Alex Ross has put up a swell quote from Charles Seeger's Dissonant Counterpoint. Seeger's essay has been an inspiration throughout my life as a composer and was one of the items on a list of books on composition, first posted here on February 12th:
These are a few of the books more-or-less directly about composition to which I have returned frequently over the years:
Cowell, Henry, New Musical Resources
De la Motte, Diether, Kontrapunkt (This, unfortunately, has not yet been translated into English).
Erickson, Robert, The Structure of Music, A Listener's Guide
(Erickson's later book, Sound Structure in Music, mostly about timbre, is also interesting, but for whatever reasons, I have never returned to it)
Harrison, Lou, Lou Harrison's Music Primer
Kühn, Clemens, Formenlehre der Musik (needs to be translated)
Morley, Thomas, A Plaine and Easy Introduction to Practical Music
Mozart, W.A., Attwood-Studien (The harmony and counterpoint notebooks of Mozart's student Thomas Attwood)
Seeger, Charles, Harmony (Sadly, very difficult to find!)
Seeger, Charles, Dissonant Counterpoint (article)
These come from the visual arts, and say nothing explicit about musical composition, let alone tuning, but they are so rich in ideas that I can't imagine not having them near my desk:
Klee, Paul, Pedagogical Sketchbook
Weschler, Lawrence, Seeing is Forgetting the Name of the Thing One
Sees: A Life of Contemporary Artist Robert Irwin
I'm not alone among composers in having found this valuable:
Thompson, D'arcy, On Growth and Form
These are more recent additions to my library, so have not yet faced
the test of time, but are certainly worth a look:
Andriessen/Schönberger, The Apollonian Clockwork: On Stravinsky
Ashley, Robert (ed.), Music with Roots in the Aether
Lucier, Alvin, Reflections/Reflektionen
Tenzer, Michael, Gamelan Gong Kebyar: The Art of Twentieth Century Balinese Music (a very important book on ensemble composition).

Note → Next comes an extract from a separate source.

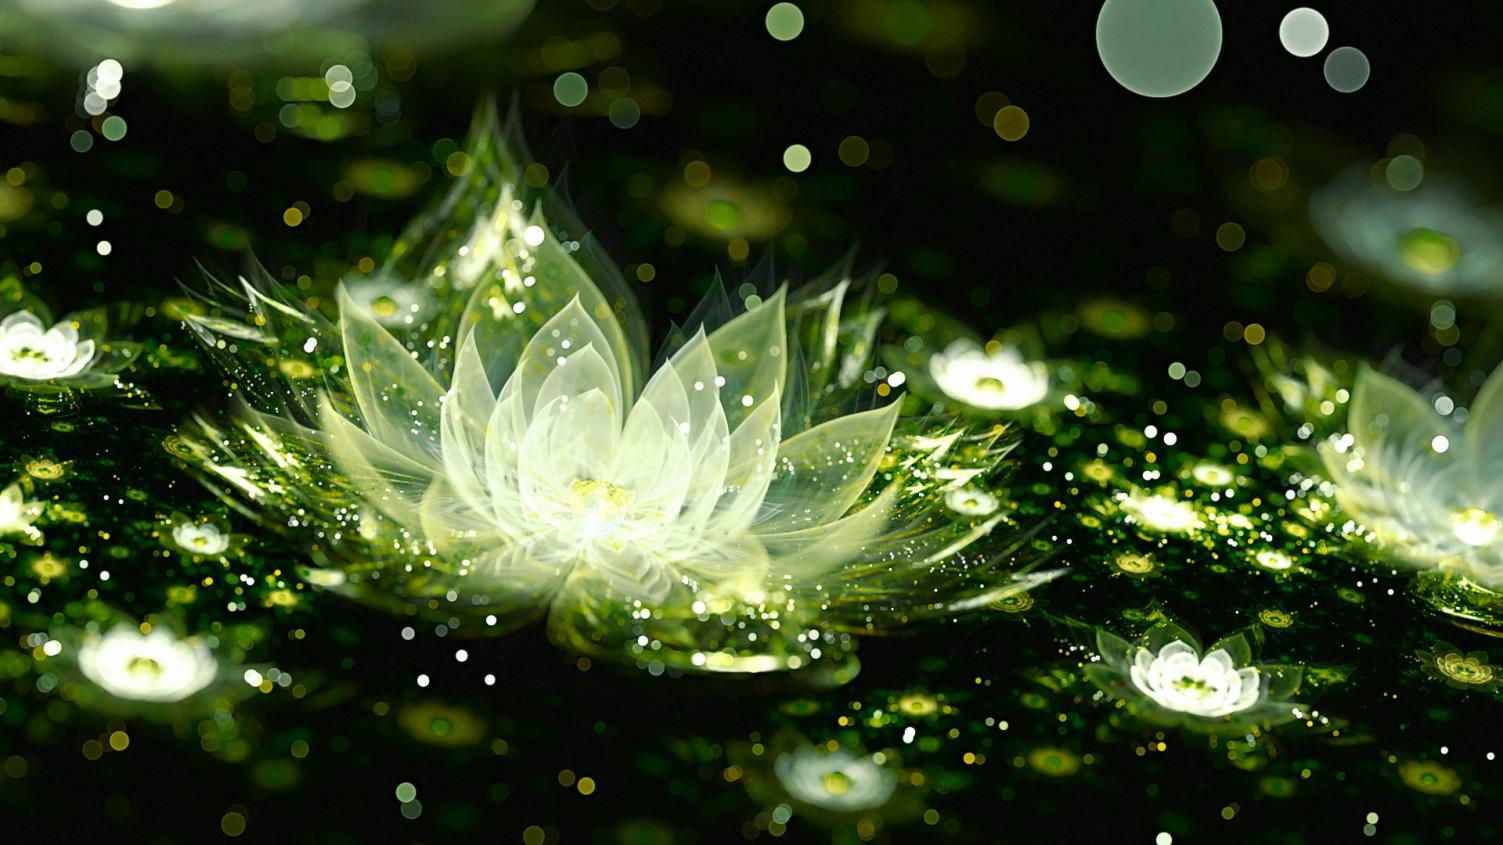 http://img3.goodfon.ru/original/1503x845/9/7e/3d-grafika-cvety-lilii-boke.jpg

Wolff, Christian, Cues/Hinweise
I continue to be impressed by John Cage's contribution to the Hoover/Cage Virgil Thomson; Cage was a gifted writer about practical musical technique.
One of my students recommends this so strongly that I include it here despite my own reservations:
Mathieu, W.A., The Harmonic Experience
We still need a contemporary volume to replace Helmholz's The Sensations of Tone. William Sethares' Tuning, Timbre, Spectrum, Scale is an important book. Richard Parncutt's Harmony: A Psychoacoustical Approach is one of the more interesting pieces of scholarship in the field. It's out of print, but the publisher has admirably allowed for free downloads, via:
http://www-gewi.uni-graz.at/staff/parncutt/hapa.html
Addendum, December 2006:
Here are two books that I have recently found to be very useful:
Shere, Charles: Thinking Sound Music: The Life and Work of Robert Erickson
Scherchen, Hermann: Lehrbuch des Dirigierens
1 comment:
Thank you. Very thorough and helpful. Also, Messiaen's Language of Mystical Love by Siglind has long been a favorite of mine. Though it is too out-of-print and somewhat difficult to acquire.